I liked this book a lot. I might have liked it even more if my expectations going in weren’t so high.
From Goodreads.com:
Alan Bradley introduces one of the most singular and engaging heroines in recent fiction: eleven-year-old Flavia de Luce, an aspiring chemist with a passion for poison. It is the summer of 1950—and a series of inexplicable events has struck Buckshaw, the decaying English mansion that Flavia’s family calls home. A dead bird is found on the doorstep, a postage stamp bizarrely pinned to its beak. Hours later, Flavia finds a man lying in the cucumber patch and watches him as he takes his dying breath. For Flavia, who is both appalled and delighted, life begins in earnest when murder comes to Buckshaw. “I wish I could say I was afraid, but I wasn’t. Quite the contrary. This was by far the most interesting thing that had ever happened to me in my entire life.”
To Flavia the investigation is the stuff of science: full of possibilities, contradictions, and connections. Soon her father, a man raising his three daughters alone, is seized, accused of murder. And in a police cell, during a violent thunderstorm, Colonel de Luce tells his daughter an astounding story—of a schoolboy friendship turned ugly, of a priceless object that vanished in a bizarre and brazen act of thievery, of a Latin teacher who flung himself to his death from the school’s tower thirty years before. Now Flavia is armed with more than enough knowledge to tie two distant deaths together, to examine new suspects, and begin a search that will lead her all the way to the King of England himself. Of this much the girl is sure: her father is innocent of murder—but protecting her and her sisters from something even worse….
I admit, I have a weakness for precocious kids in books. Flavia certainly qualifies.
Flavia feels the distance from others that smart kids often do in books (and life). Her mother died when she was a baby. Her father is distant. Her sisters gang up on her to convince her that she was adopted and doesn’t really belong in the family (Flavia uses her chemistry skills to get revenge, perpetuating the cycle). She doesn’t seem to have many connections within the community.
Flavia digs down into her memory of her father’s lectures on stamps, and adds this to her knowledge of chemistry and anatomy, and uses these in following the twists and turns of this mystery. At first it is just a game, but it becomes more serious when her father is accused of murder (somehow the police aren’t convinced when she turns herself in), then again as she gains the attention of the culprits.
I thought that the character played more as a (still precocious) 13 year old than as an 11 year old. The narrator of the audiobook may have been part of that. Overall, she was very good, with an unusual voice that usually worked for me and occasionally annoyed me.
In spite of featuring an 11 year old, this book is not aimed at kids.
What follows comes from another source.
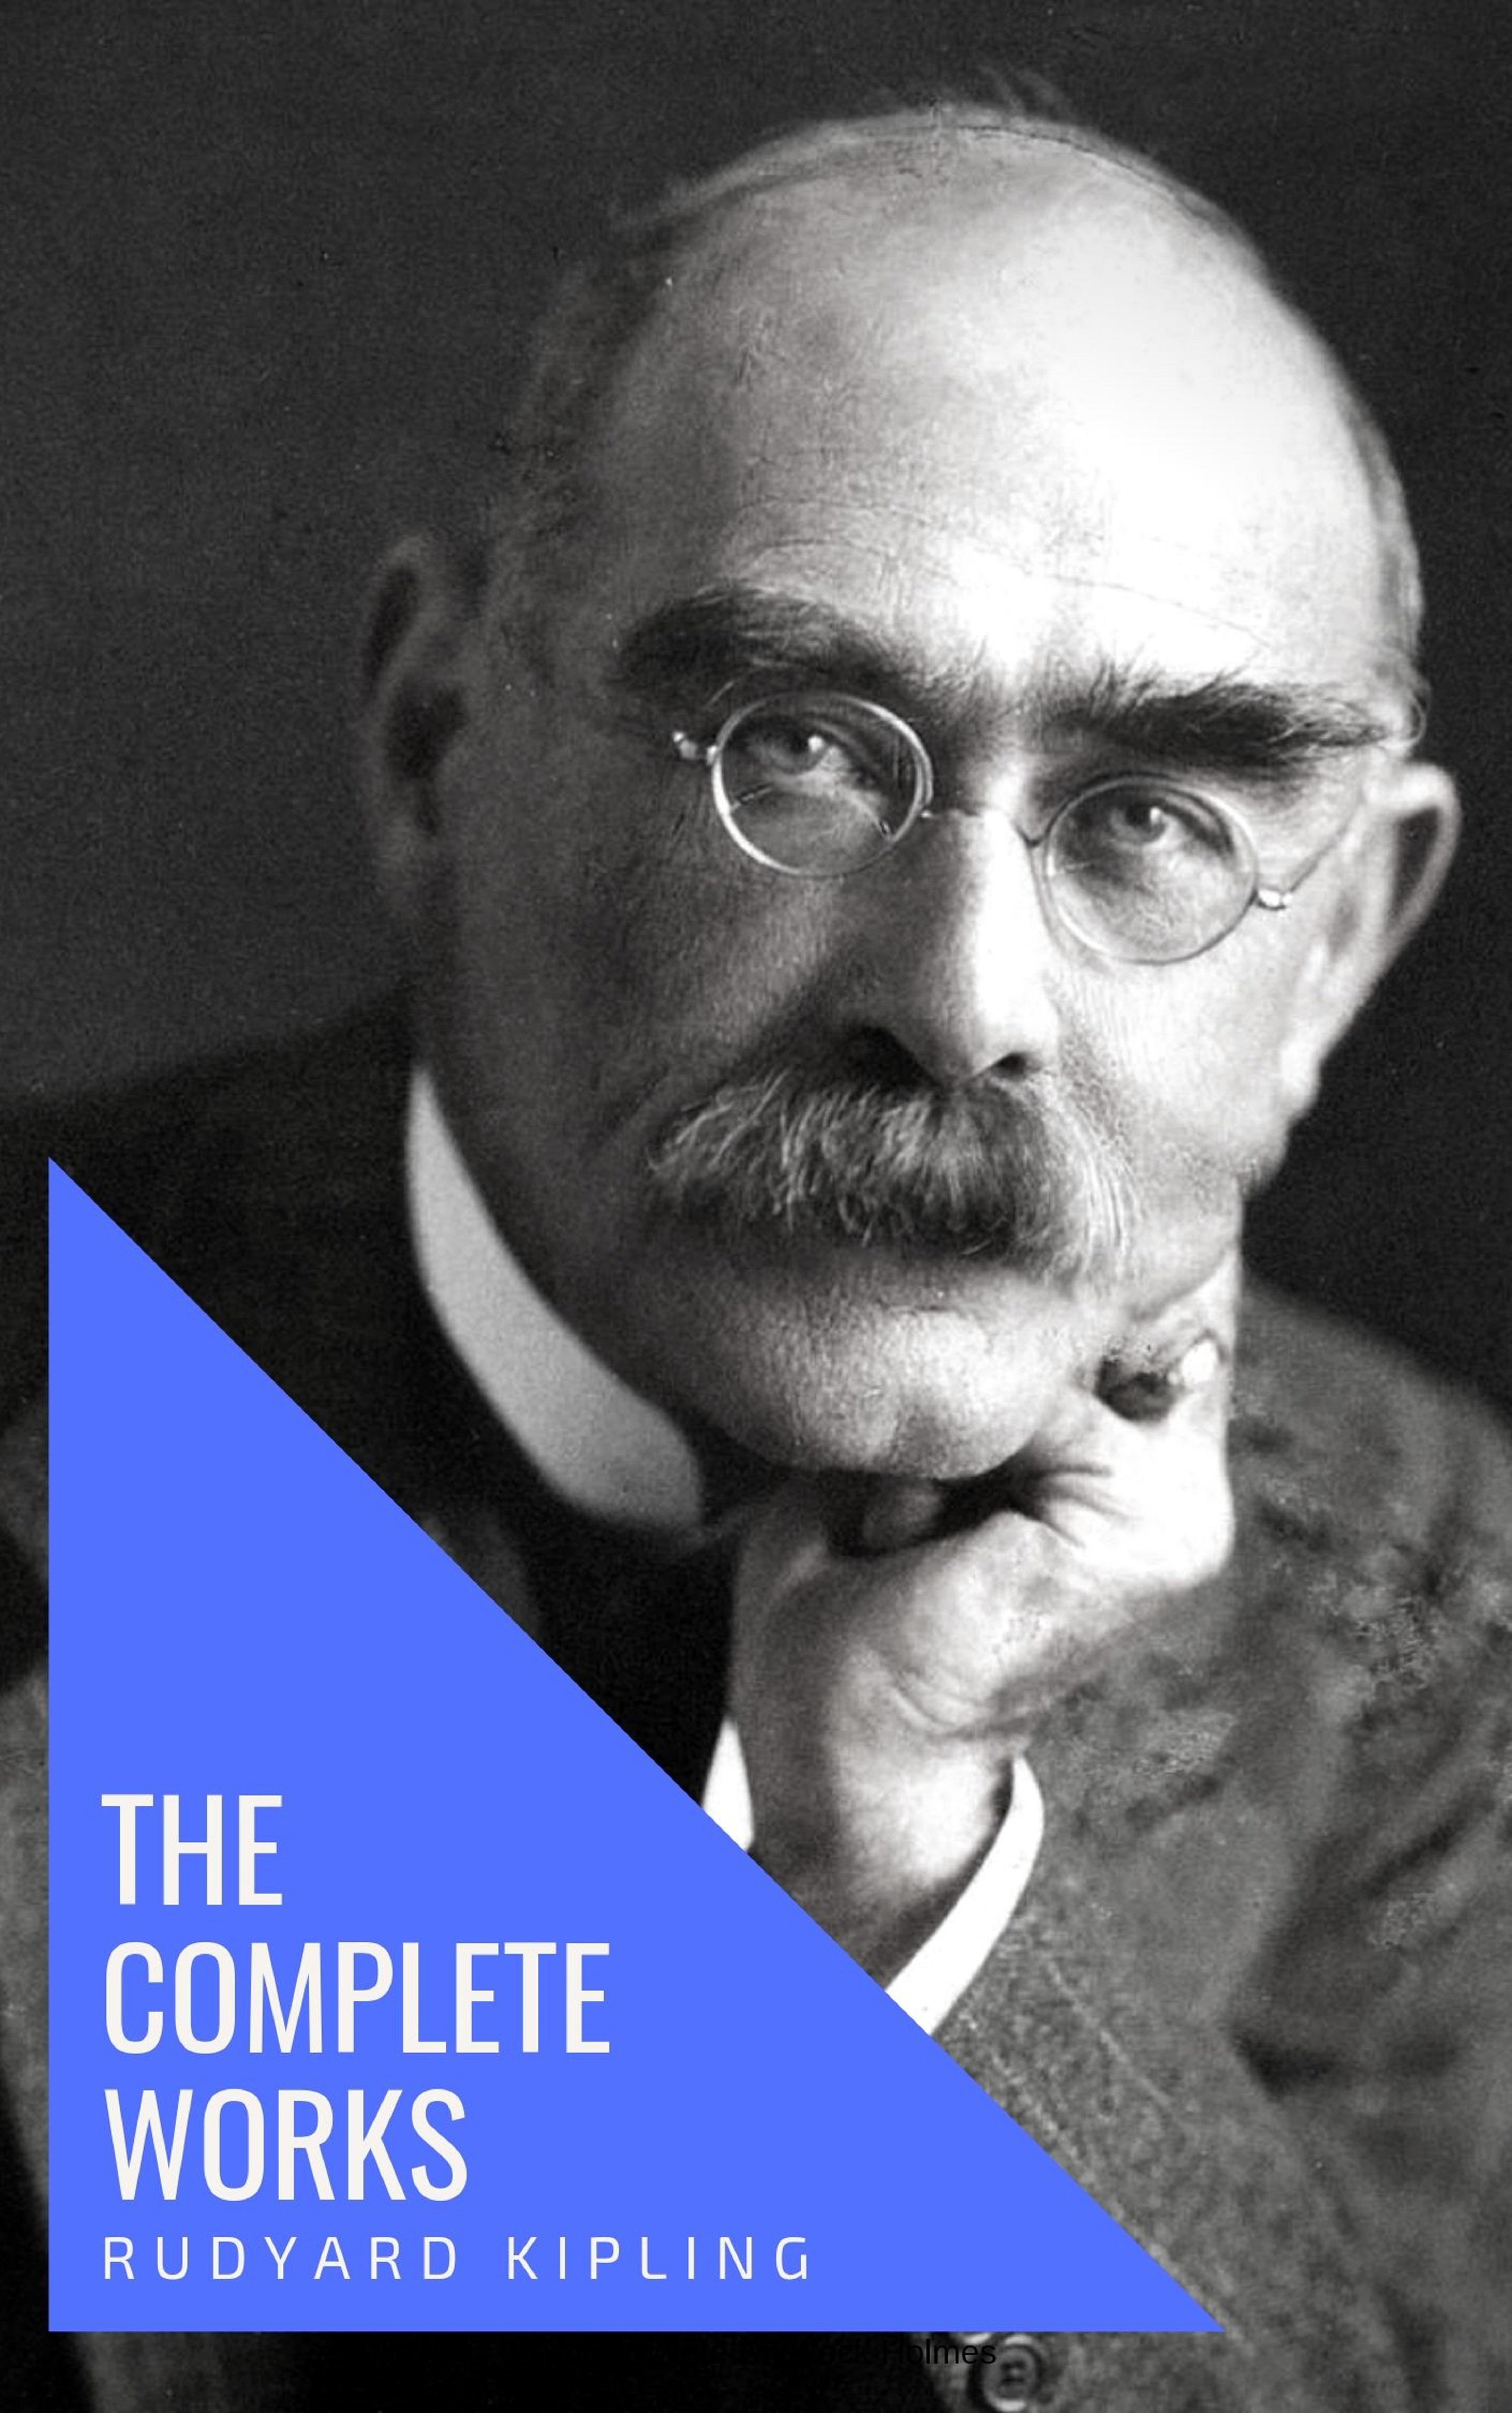 Rudyard 1865-1936 Kipling The Complete Works of Rudyard Kipling полотенцесушитель водяной тера богема люкс с полкой 500х1000 мм псв 36 13

There isn’t anything particularly inappropriate, but it is intended for adults. I don’t think my daughter would be interested, although I’m not sure why. I’d let her read it if she asked.
The Sweetness at the Bottom of the Pie combines an interesting protagonist with a solid mystery to make for a very good read.
I’m writing this review 3 weeks after finishing the book. This is a mistake for me, particularly with an audiobook, where I can’t just flip through to remind myself of details. I’d better get caught up on my reviews, so this doesn’t happen again!